Ghosts of Mars is an odd film, as it sort of plays like a compilations of Carpenter's greatest hits. The police officers trapped in the police station is reminiscent of Assault on Precinct 13. The look of the enraged miners and their use of primitive weapons reminded me of the locals in Escape from New York, and the idea of the locals going crazy hints at In the Mouth of Madness. The force which can overtake unsuspecting victims is right out of The Thing. Even the flashback to how all of this started has a shot which could have easily been in The Fog. The film can't be considered a homage, as Carpenter was the co-writer. Can you homage yourself? (And, if so, can they show that in a movie?)

The mistake here is that Carpenter is simply reminding us of better movies. For all of its energy, Ghosts of Mars is a hopelessly cheesy movie. This is a sort of pulp western played out on the red backdrop of Mars, and all of it is corny, even for a science-fiction movie. The dialogue is stilted and everyone speaks in cliches. While some may not have a problem with this, I found the story to be too vague and all over the place. "Ghosts" leave a mine, possess humans, and make them look like Marilyn Manson? How does that work. The leader of the murderous mob, dubbed "Big Daddy Mars" (played by Richard Cetrone), doesn't necessarily look like a super-killer. Instead, he looks as if he wandered out of a Nine Inch Nails concert circa 1994. Thus, he's more silly than scary. The movie never explains why the "ghosts" make elaborate art out of scissors. I wanted to learn more about that.

The overall feel of Ghosts of Mars is reminiscent of Carpenter's Escape from L.A. -- it's full of action scenes and eccentric characters, but it's rarely interesting.

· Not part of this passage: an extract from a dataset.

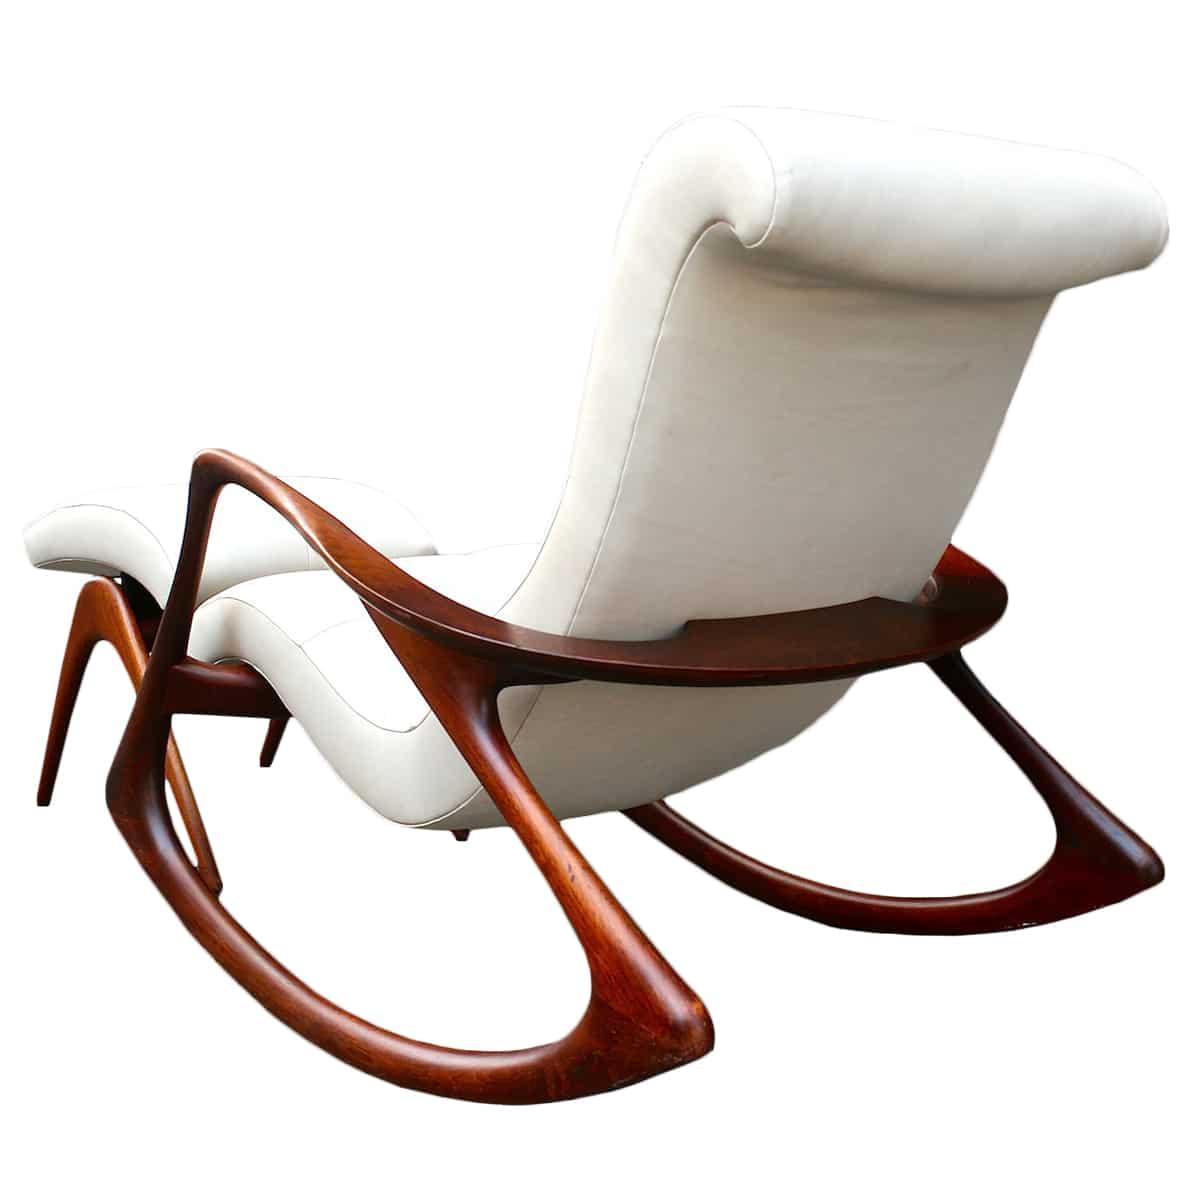 Vladimir Kagan Rocking Chair ...  sc 1 st  Todd Merrill Studio & Vladimir Kagan Rocking Chair and Ottoman Circa 1950s - Todd Merrill
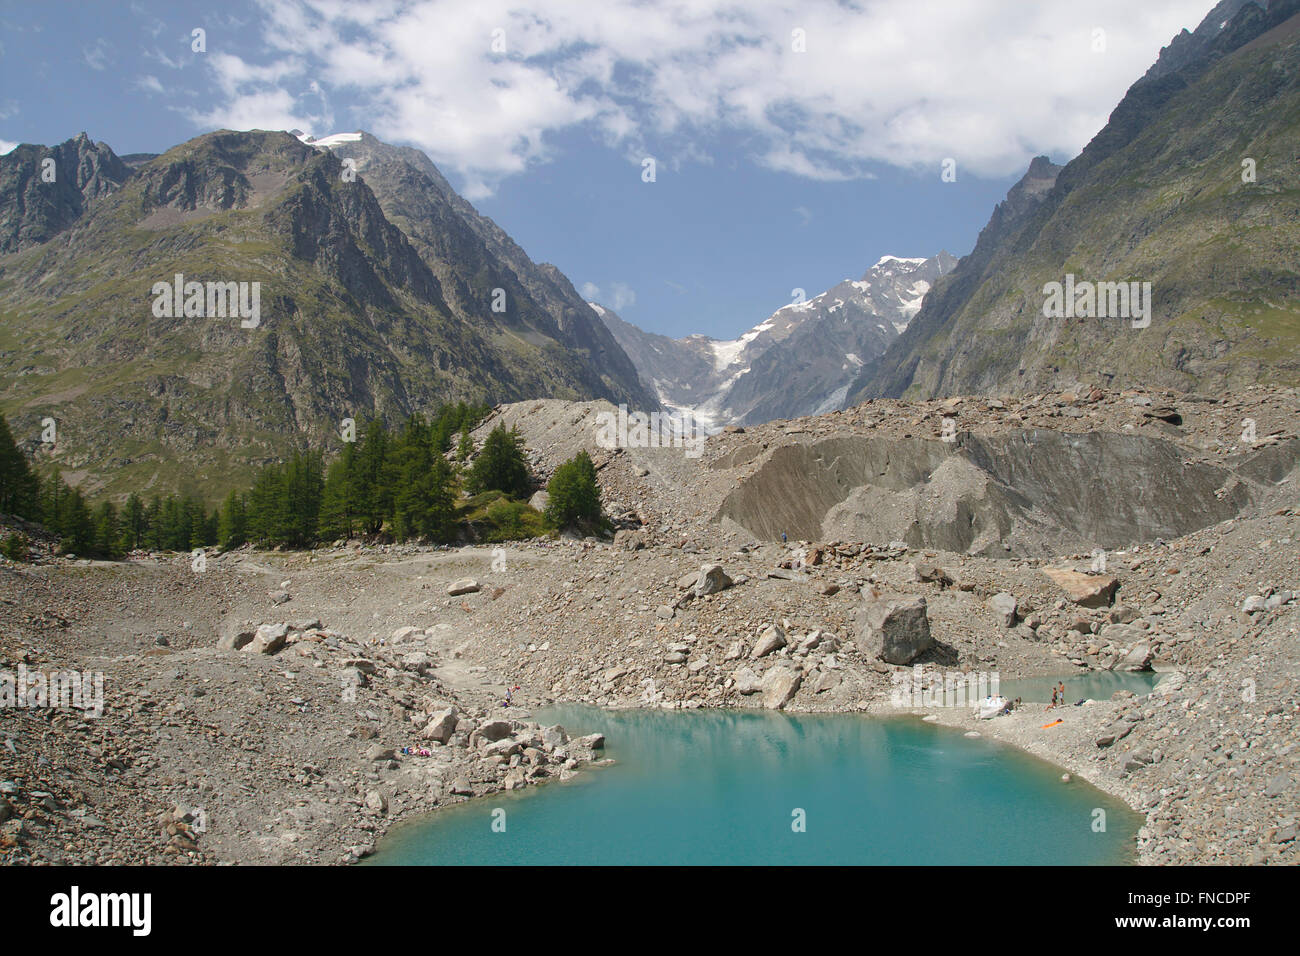 Lac du Miage and Glacier du Miage, Val Veny, Mont Blanc Massif, Italy - Stock Image

The movie isn't unwatchable, and Carpenter deserves kudos for the way in which he shoots the action scenes and his decision to have some heavy metal heroes create the soundtrack. The problem is that, visual style aside (no one shoots night-time like Carpenter), this doesn't feel like a Carpenter film. Instead, it feels like any run-of-the-mill sci-fi/actioner which one would catch on late-night cable. (Carpenter has chosen to use an editing style involving multiple dissolves which is just annoying.) Ghosts of Mars won't haunt you. In fact, you may not remember it the next day.

Ghosts of Mars reminds me of a song by the band Hum on Blu-ray Disc courtesy of Sony Pictures Home Entertainment. The film has been letterboxed at 2.35:1 and the Disc contains an AVC 1080p HD transfer which runs at an average of 30 Mbps. The image is very sharp and clear, showing only the slightest hint of grain and no defects from the source material. The image's clarity has lent it an impressive amount of depth, which is only aided by Carpenter's shooting style. This element alone puts this transfer up and over the quality of the DVD. The colors are good, and although the film takes place entirely at night, the image is never too dark. The Disc offer a Dolby TrueHD 5.1 audio track which runs at 48 kHz and an average of 2.0 Mbps. The track provides clear dialogue and sound effects. This track really brings a lot to the film, as it has a very muscular sound. The stereo effects are quite good and are very effective when the team is investigating the town. Likewise, the surround effects really come into play during the mob scenes. Subwoofer is solid and drives home the explosions. The rocking soundtrack receives excellent reproduction here.

The Ghosts of Mars Blu-ray Disc contains a few extras. WE begin with an AUDIO COMMENTARY from Director John Carpenter and Natasha Henstridge.  "Video Diary: Red Desert Nights" (17 minutes) is, as stated in the title, as on-set account of the film's production, documented on video. This is one of those "fly on the wall" documentaries, as there's no narrative here, simply a series of shots showing how different scenes were done. There are some comments from cast and crew, but no official interviews. "Specail Effects (SFX) Deconstruction" (7 minutes) shows how SFX shots go from storyboards to the finished shot. "Scoring Ghosts of Mars" (6 minutes) shows Carpenter, Steve Vai, Buckethead, and members of Anthrax laying down tracks for the film.